I can't speculate as to Mr. Calfee's motivation to attempt to down-play the significant health detriment brought about by the relatviely rapid increase in the prevelance of HFCS. But, it is certainly beyond his scope to comment on the relavent physiology.
www.ajcn.org/content/76/5/911.full
I'm not worried about Big Brother as much as I'm worried about Big People. Especially people with the moniker "Commonsense333" while spouting off about burning down the government. That's more like Big People with Small Ideas.

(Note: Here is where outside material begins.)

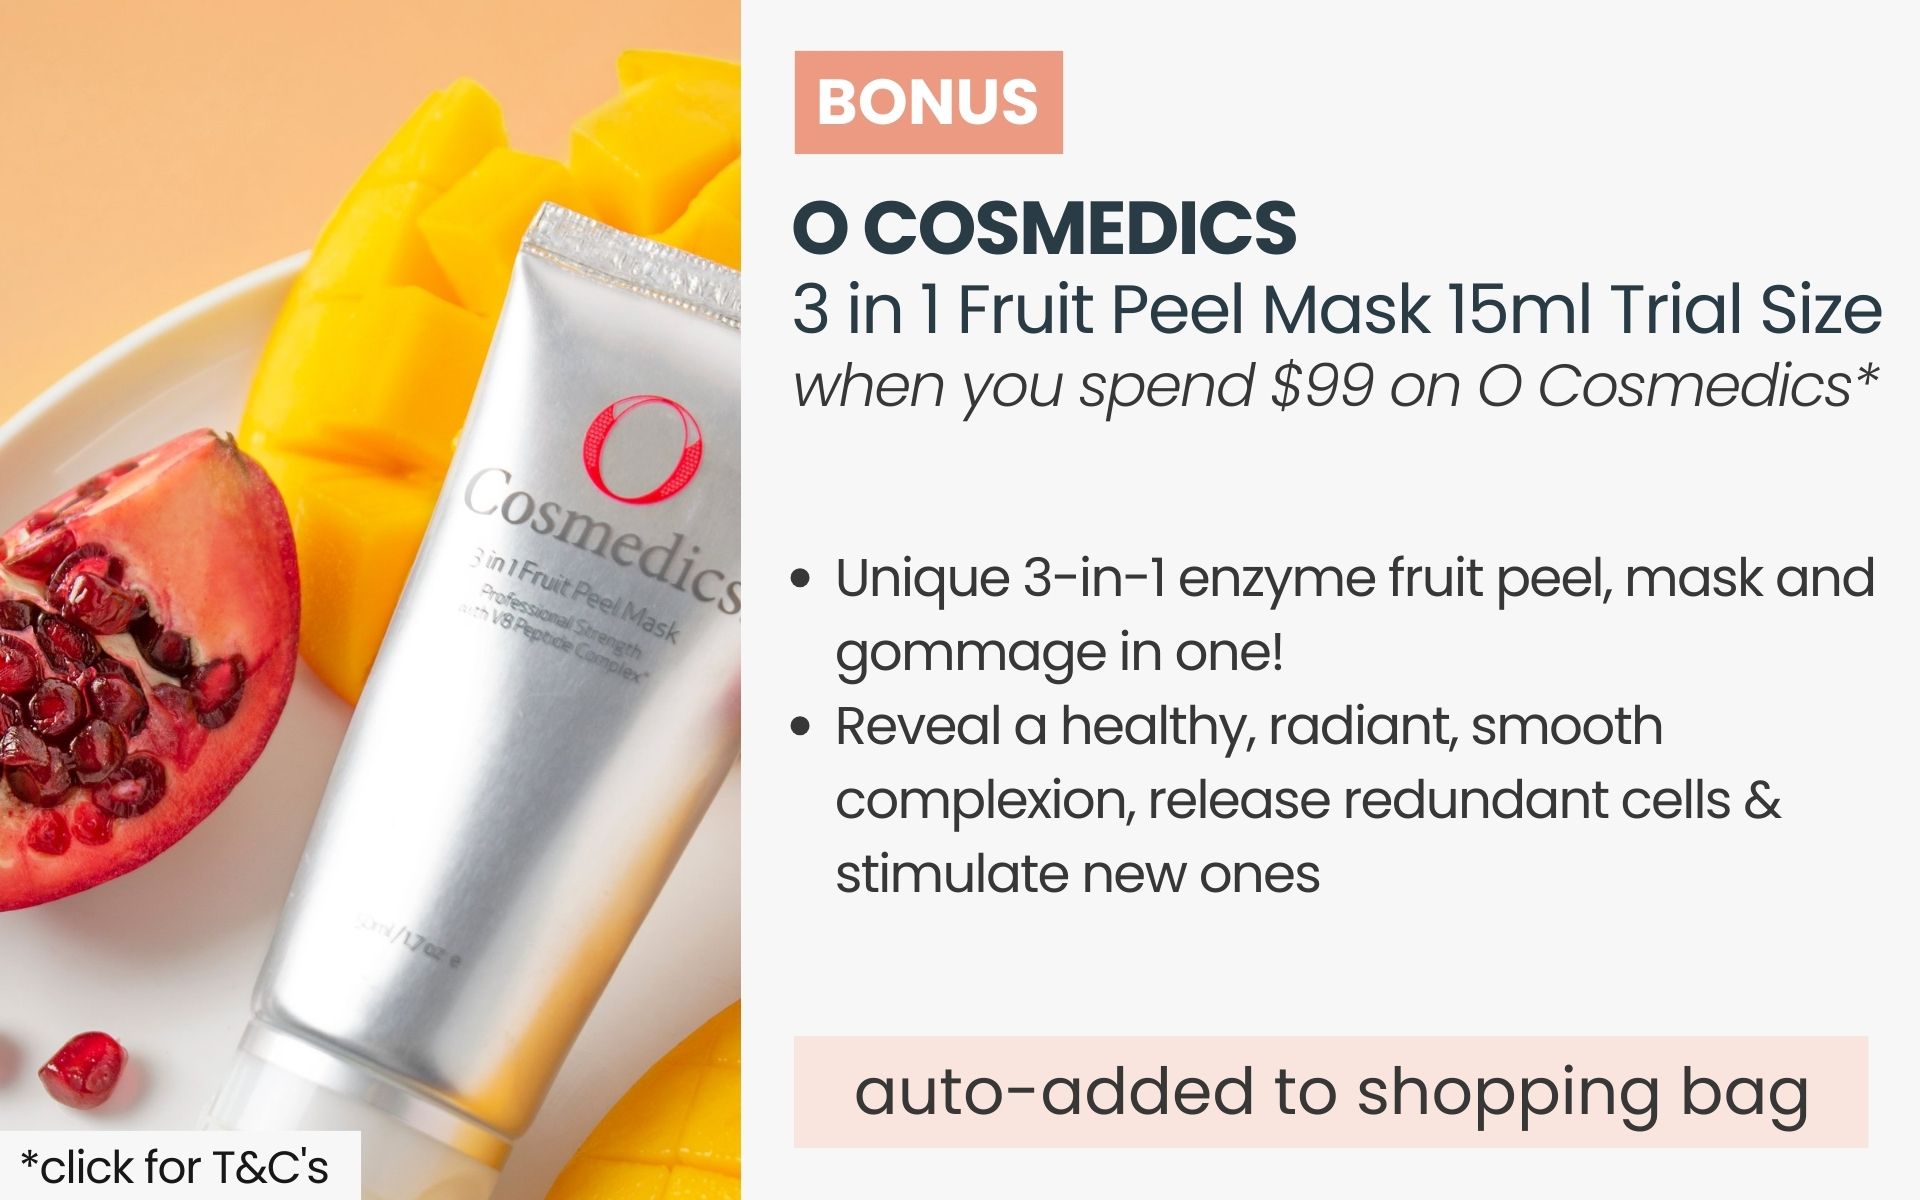 BONUS O Cosmedics 3 in 1 Fruit Peel Mask 15ml Trial Size. Automatically added to your shopping bag when you spend $99 on O Cosmedics products.

Your tone comes off as sneering towards people who find other uses for their time than cooking. It makes as much sense as feeling superior because you like to shingle your own house or tend your lawn compared to people who choose to live in a condominium to avoid those duties.
Sounds like the cigarette industry.
Why not tax all foods and beverages based on their sugar content? That would bring in zillions of dollars.
Of course, that ain't gonna happen in my lifetime.
It is all about overconsumption of everything, not just various sugar waters.
People only want to change when they have a problem. Until that problem occurs they will just pay the tax to get their fix. The tax is just a way of getting more money for an ever bloated government while trying to justify it through doing something good. It would be incredibly difficult to come out and just institute a new tax, but if it is for a good cause then people cannot disagree.
As far as the economics go it fails because it would only affect those who have less money. A fatso who is doing alright can afford a couple of pennies extra for a can of soda. Even the poorest will continue to buy. to get a real effect the tax would need to be something outrageous that would make people think twice about buying instead of be temporarily pissed that their Pepsi is slightly more expensive.
And there is also a cultural effect that would need to be examined. It is not as wrong as it once was to be obese. People still hate fatties, but there are many more people now who are catering to fatsos in all areas. There are magazines (pornographic and not) that are written specifically for fat people. "Big is beautiful" and so on. Bullying obese people is punished.
Sodas are not healthy anyway so I am OK with taxing them.
Just because taxes don't produce immediate results, who knows what the long term effect is? I know plenty of people who have more seriously considering quitting smoking and then did it, due to high cost.
Nooooo, the government corn subsidizing will not take responsibility for it's contribution to the obesity epidemic. This "soda tax" nonsense is just another way into your pockets and blaming the true victims of the high fructose corn lobbies: themselves! Can you say hypocrisy? I knew that you could.
There has been a big shift in the "coolness" of smoking that likely has had more of an effect than the health issues.
Plus I still know people who smoke and are really poor. They just buy the $1 packs on the reservation now.
Times were it was completely acceptable to smoke in one's office or on an airplane. Now neither is acceptable nor legal.